В гости к ним, как на праздник, я ходил почти все лето, а потом однажды узнал, что заканчиваются долгие гастроли в Москве, что скоро Кантемировы уедут. Нисколько не прибавлю, если скажу, что, собираясь на последнее их выступление в цирке на Ленинских горах, я вдруг ощутил самую настоящую грусть — показалось, уезжают давние мои старые друзья, и даже вдруг подумалось: а как же — без них?

И все потом я пытался разобраться в этом чувстве: почему мне их будет недоставать?

Так оно в жизни устроено: каждое наше слово и каждый поступок отзываются в душе кого-то другого. Чем они отзовутся? Трудным ли размышлением о предательстве или благодарностью за уроки до бра и мужества?

Мне кажется, что этим летом я на таких уроках присутствовал.

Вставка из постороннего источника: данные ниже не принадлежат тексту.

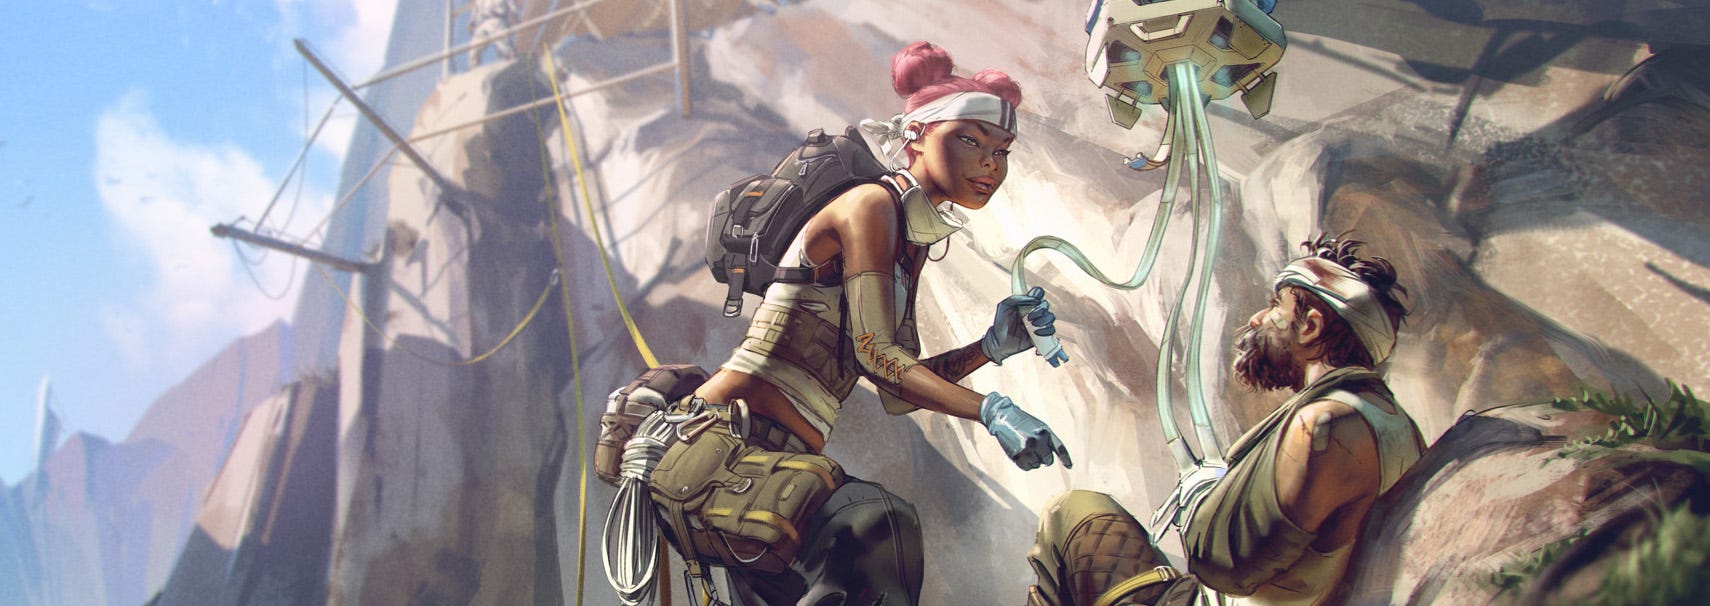 Communication In Apex Legends Communicating In Apex Legends By Charlie Deets Medium
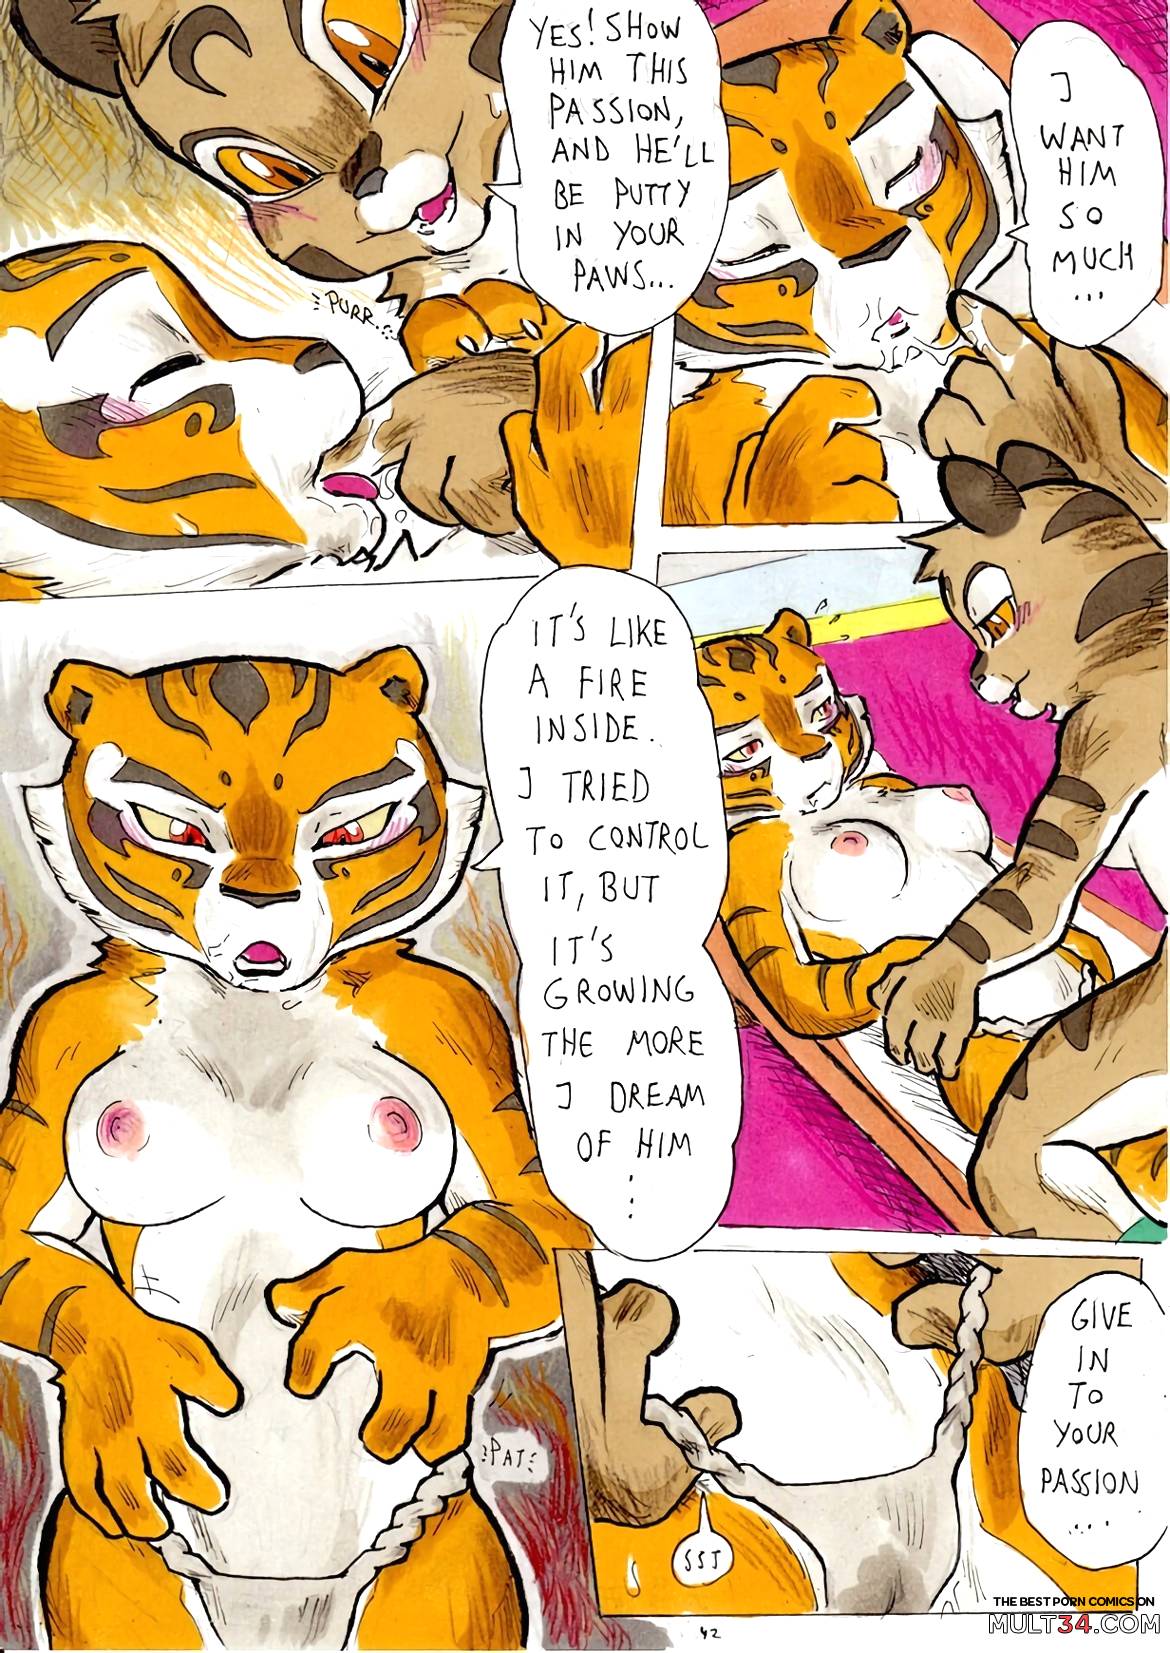 Better Late Than Never Porn Comic

Профессия литератора в чем-то штука довольно жестокая. Что ты тут будешь делать — тянет глянуть за зеркало! А глянув, обязательно пожелаешь рассказать, как там и что, другим — вовсе не из желания удивить. Из желания заставить задуматься.

В тот раз, впрочем, все вышло случайно: мне надо было передать Ирбеку, чтобы после представления меня не ждали, и вслед за младшим из братьев, только что закончившим последний свой номер, я поспешил во внутренний дворик цирка. День был на редкость душный. Уже успевший стащить с себя и получеркеску, и рубаху, весь мокрый от пота, Мухтарбек стоял, опустив голову и облокотившись на ящики, и крутая его грудь ходила, словно кузнечные мехи…

Мне показалось, что он заметил меня, и потихоньку уйти обратно уже поздно, но и стоять перед ним, задыхающимся, тоже было неловко.

Еще минуту назад мне казалось, что этот гигант неутомим. Сила его и ловкость поражали воображение. Во всем стремившиеся подражать ему молодые наездники рассказывали, как однажды после представления в Ростове в гардеробную к нему буквально ворвался сидевший в цирке фермер-американец и на ломанейшем русском стал говорить что-то восторженное. Из всего, что он пытался сказать, поняли в основном то, что он просил адрес Мухтарбека. Мухтарбек дал. А меньше чем через месяц из Штатов пришла посылка: два настоящих, из конского хвоста, лассо. И Миша, как заправский ковбой, бросал теперь лассо и точно метал изготовленные своими руками топорики и не хуже иного киноразбойника бросал ножи — он готовился теперь к выступлению вместе со своею тринадцатилетнею дочкой Соней. Но вот, выходит, и боги не всемогущи…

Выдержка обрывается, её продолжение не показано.